■ **THE DATA**

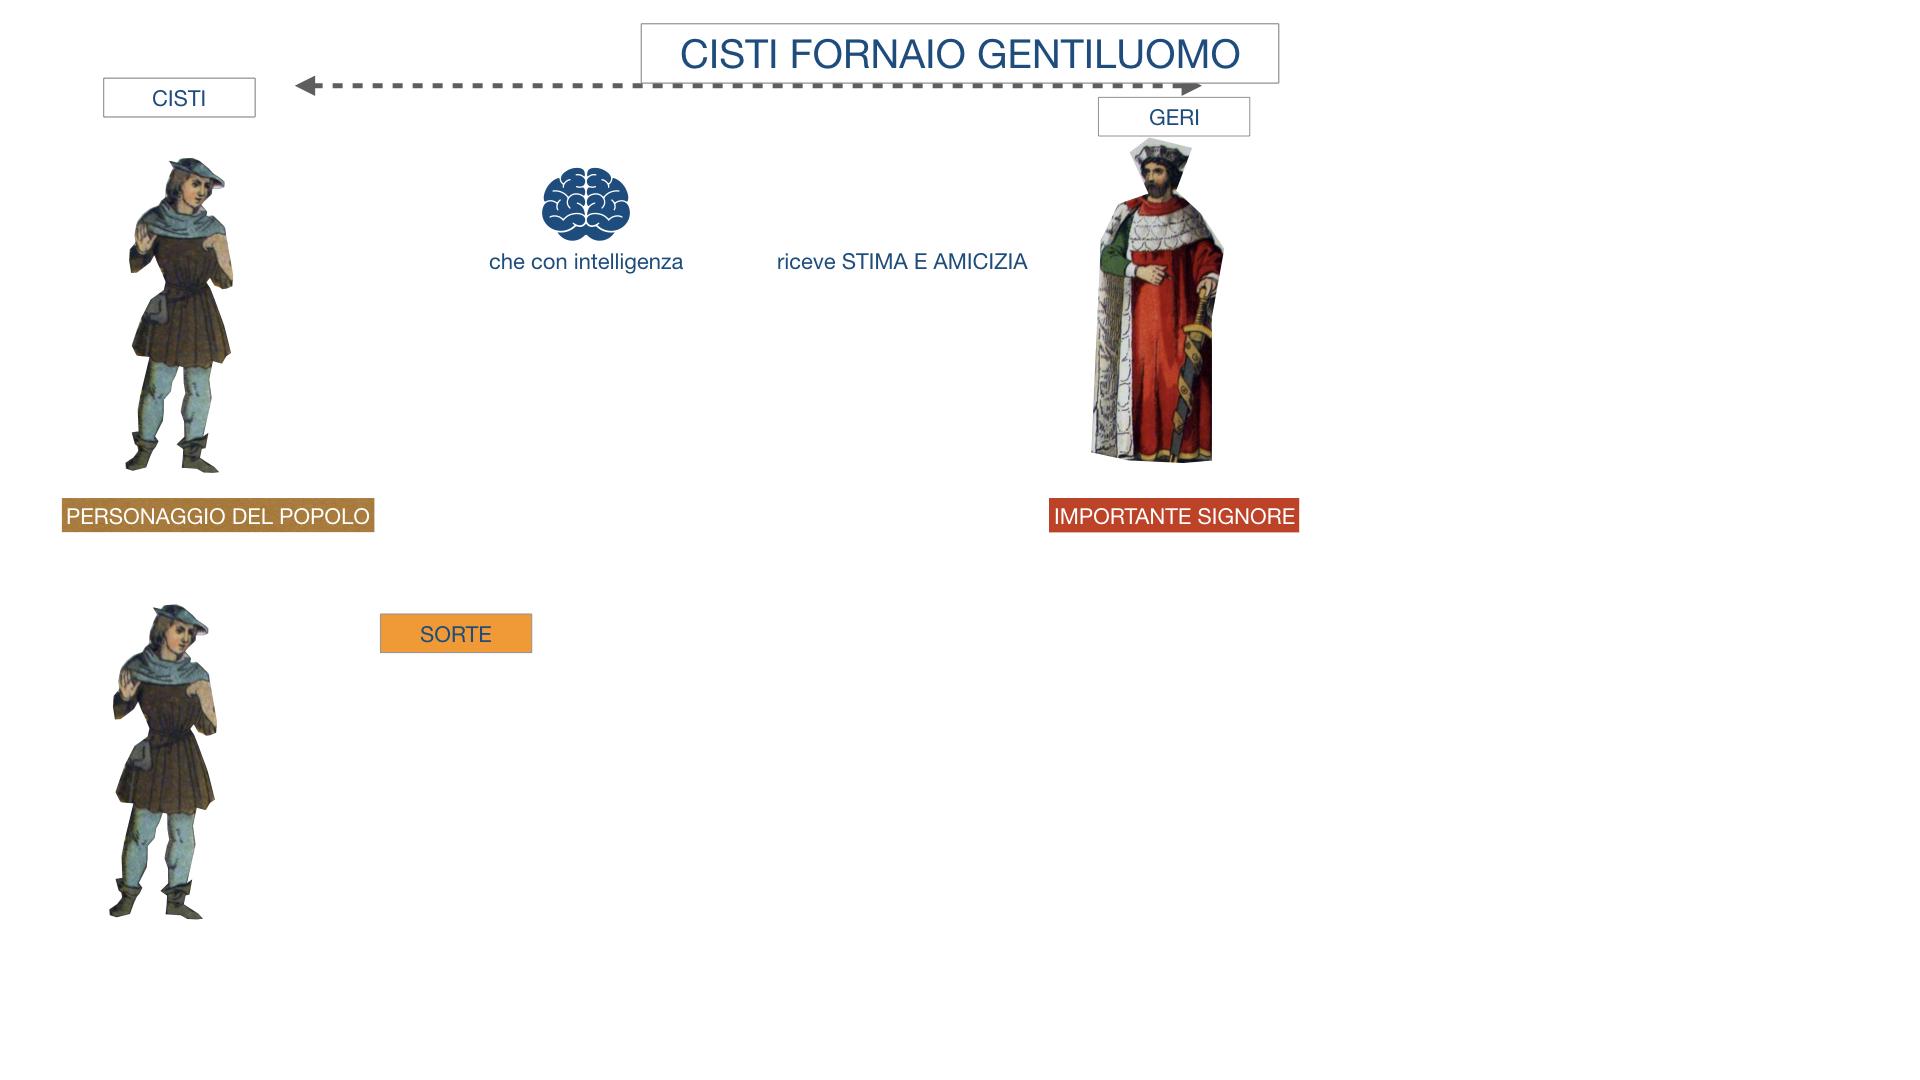 CISTI IL FORNAIO_SIMULAZIONE .006
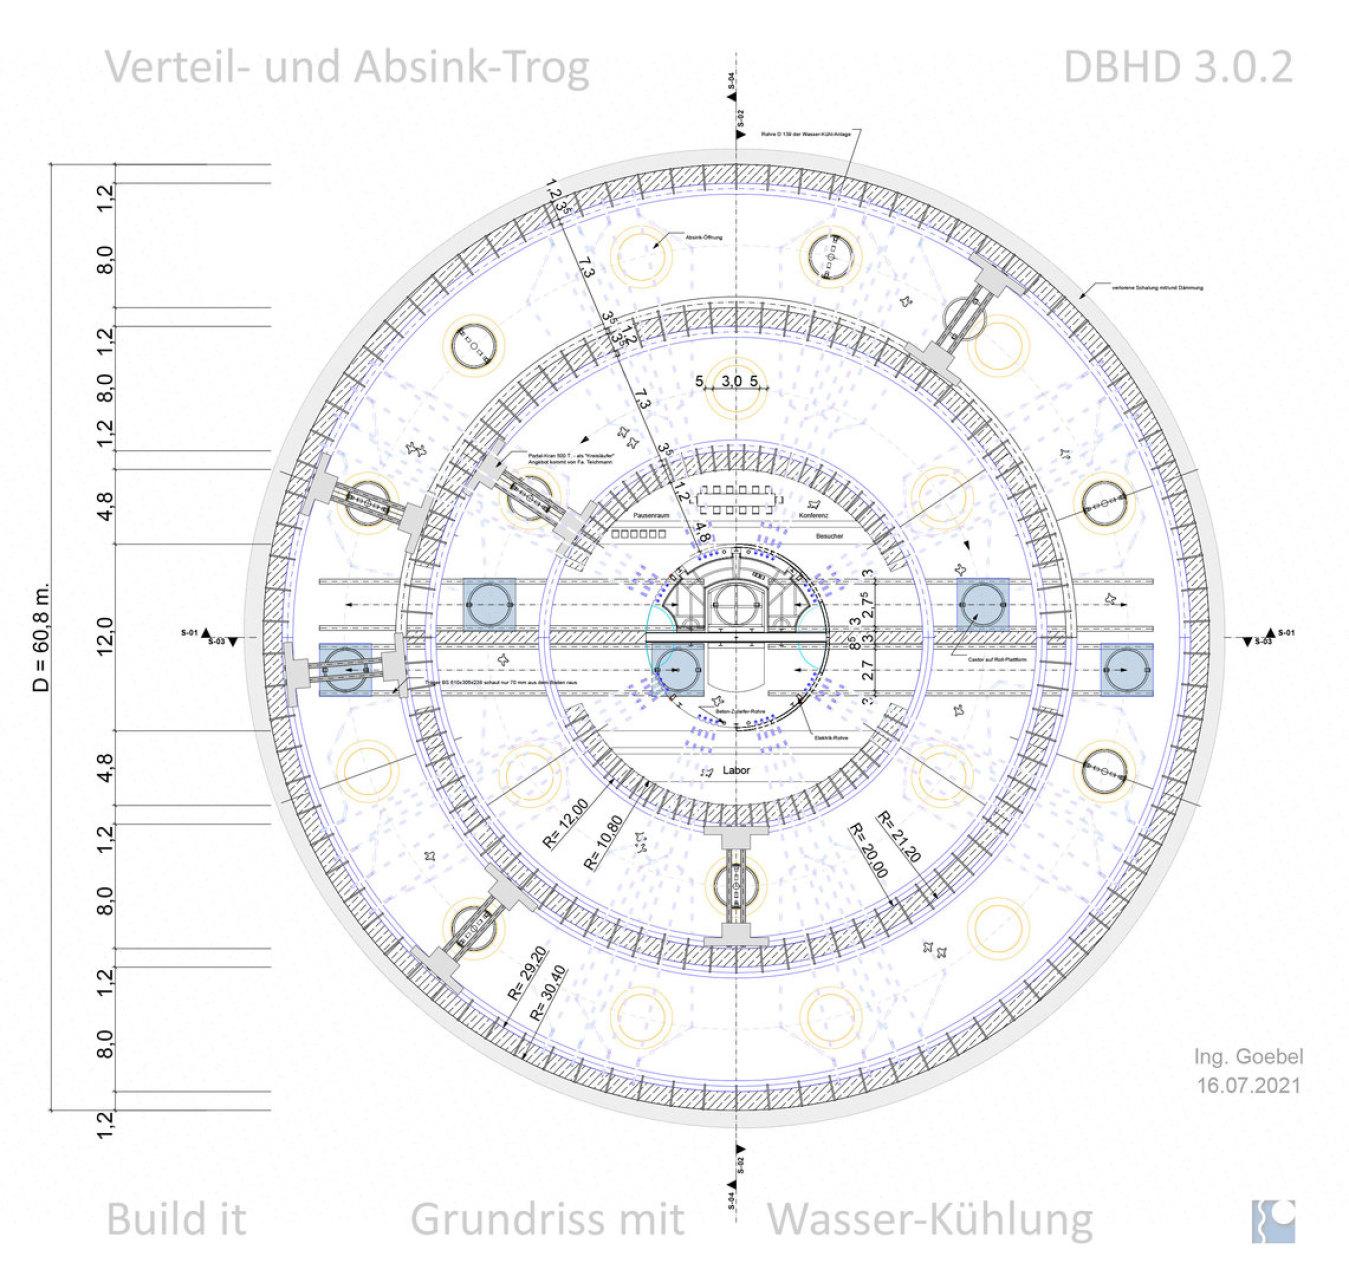 Grundriss Verteil- und Absink-Trog DBHD 3.0.2 unten - 1x mit 1x ohne Wasserkühl-Rohre
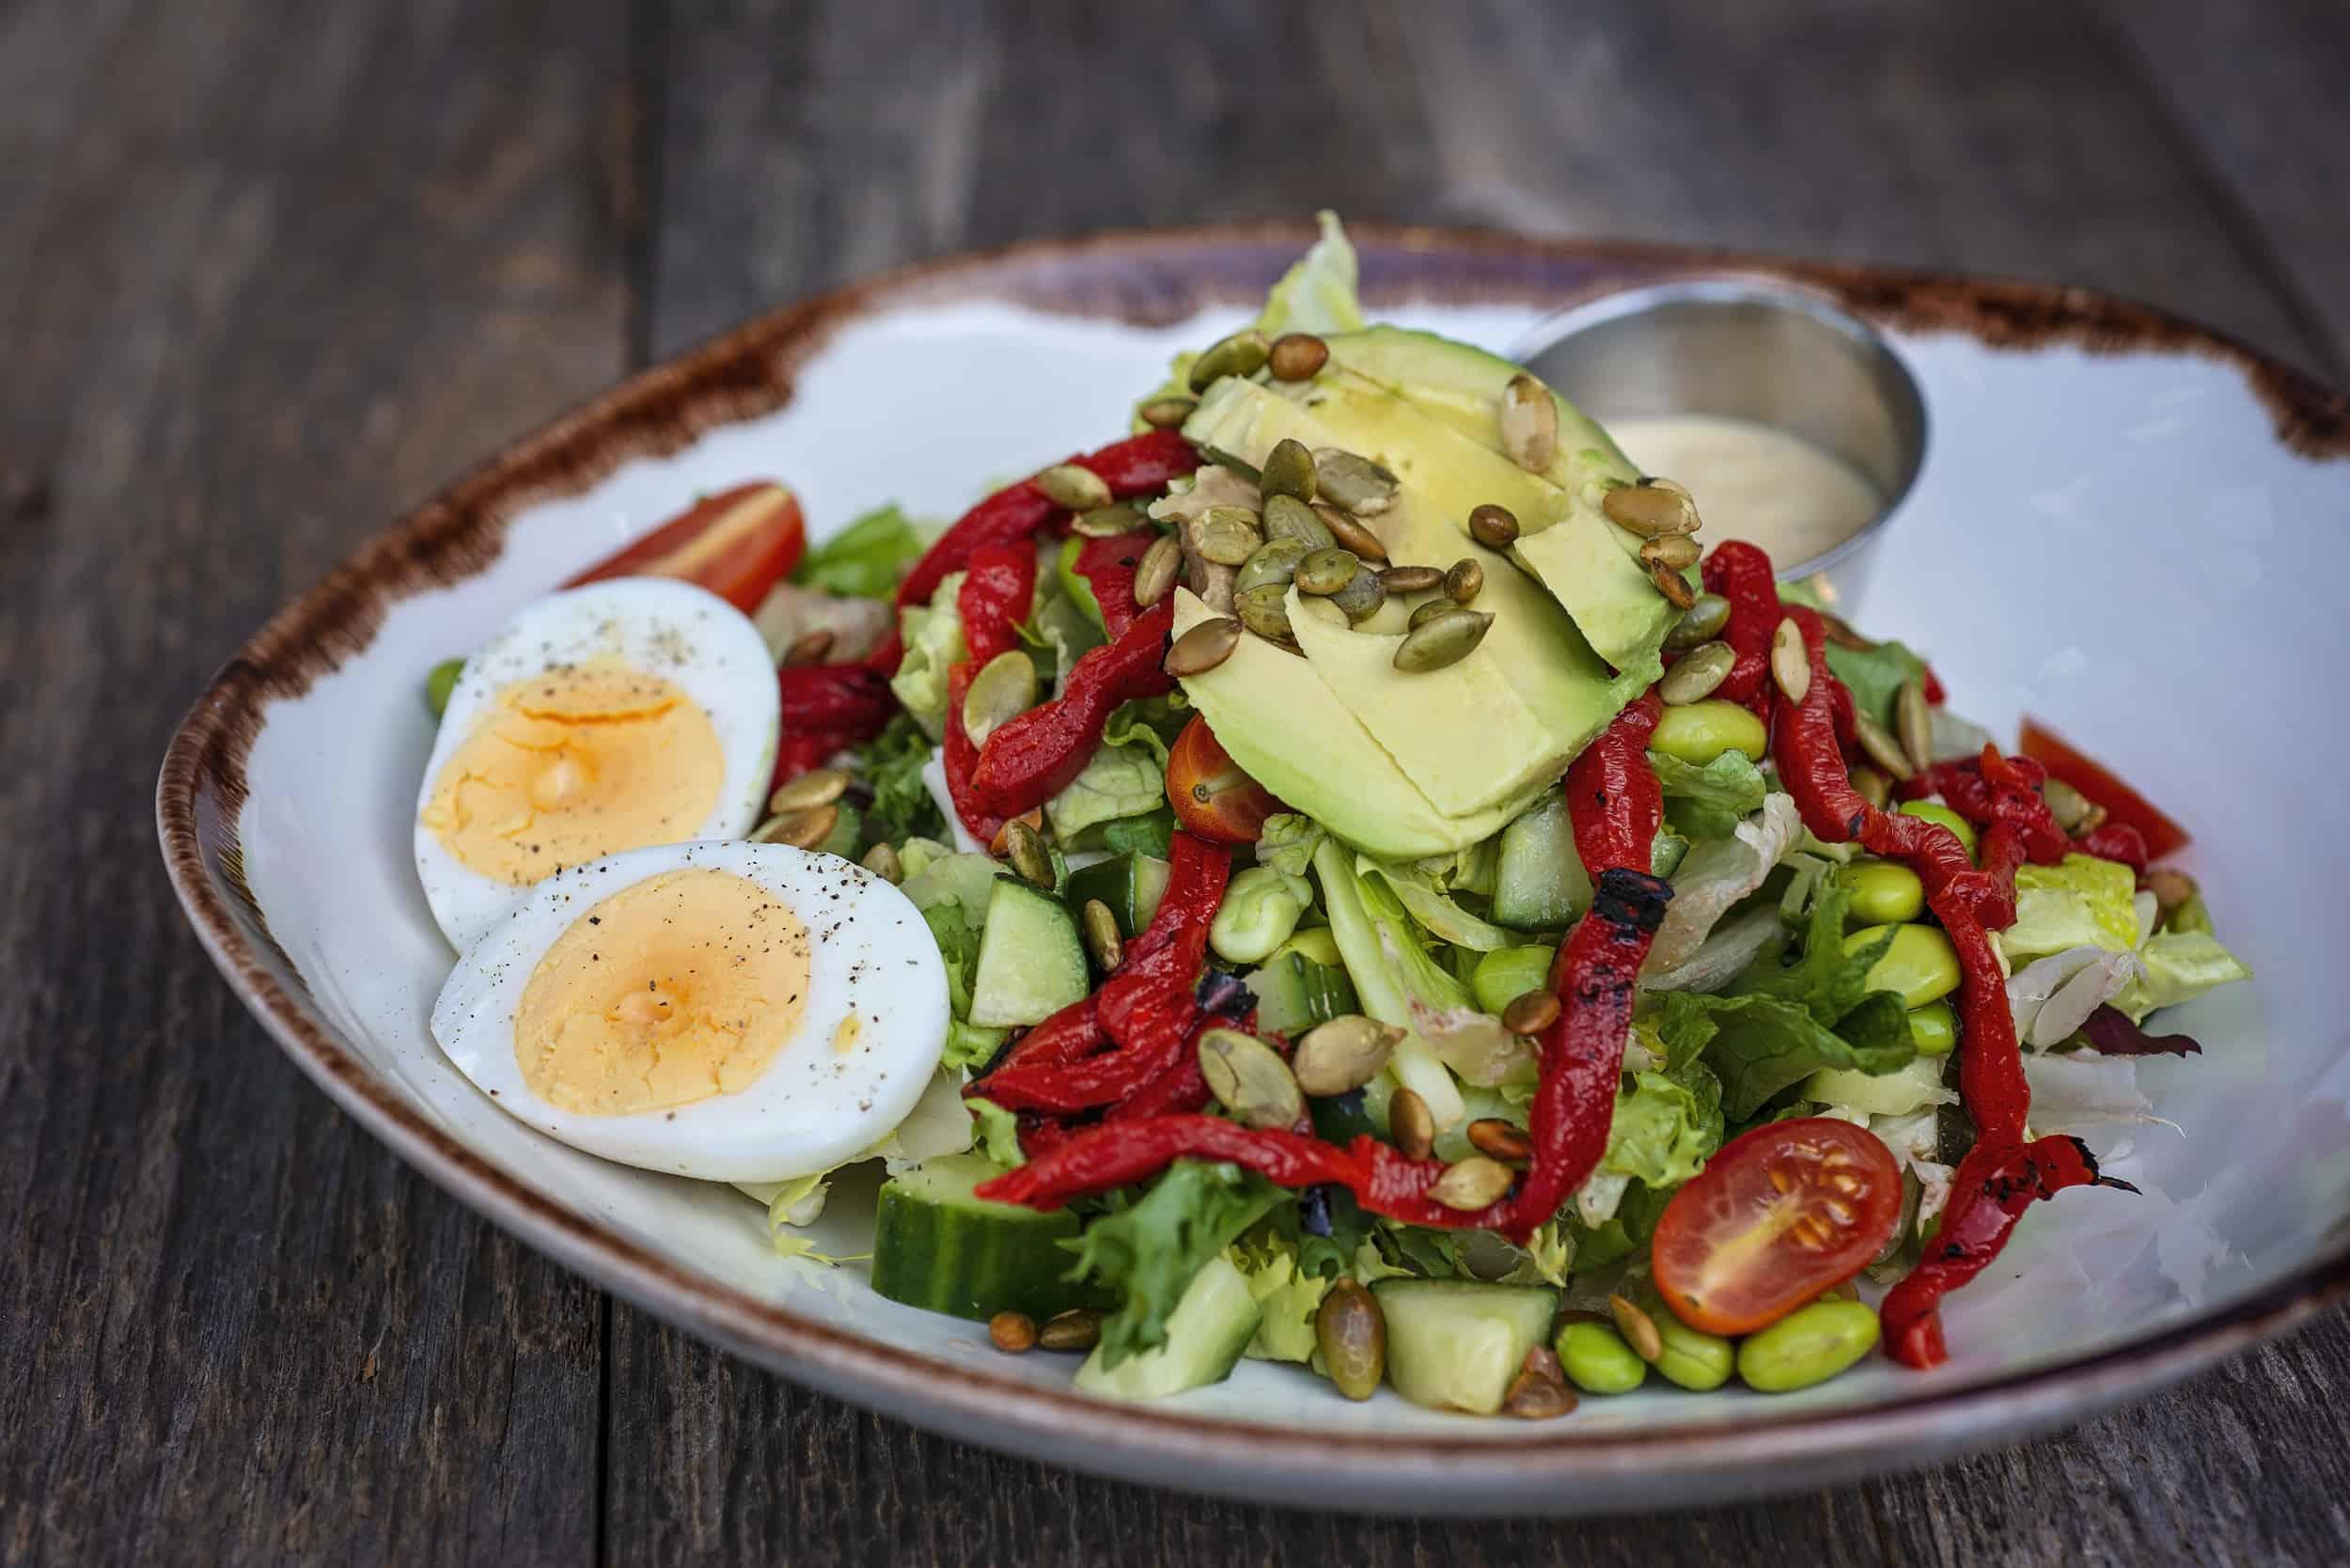 Qualicum Beach Cafe Chef Salad

■ **TASK PROMPT**
Reproduce the lines above exactly, please, but not the pictures in them.

■ **SOLUTION TO THE PROBLEM**
 CISTI IL FORNAIO_SIMULAZIONE .006
 Grundriss Verteil- und Absink-Trog DBHD 3.0.2 unten - 1x mit 1x ohne Wasserkühl-Rohre
 Qualicum Beach Cafe Chef Salad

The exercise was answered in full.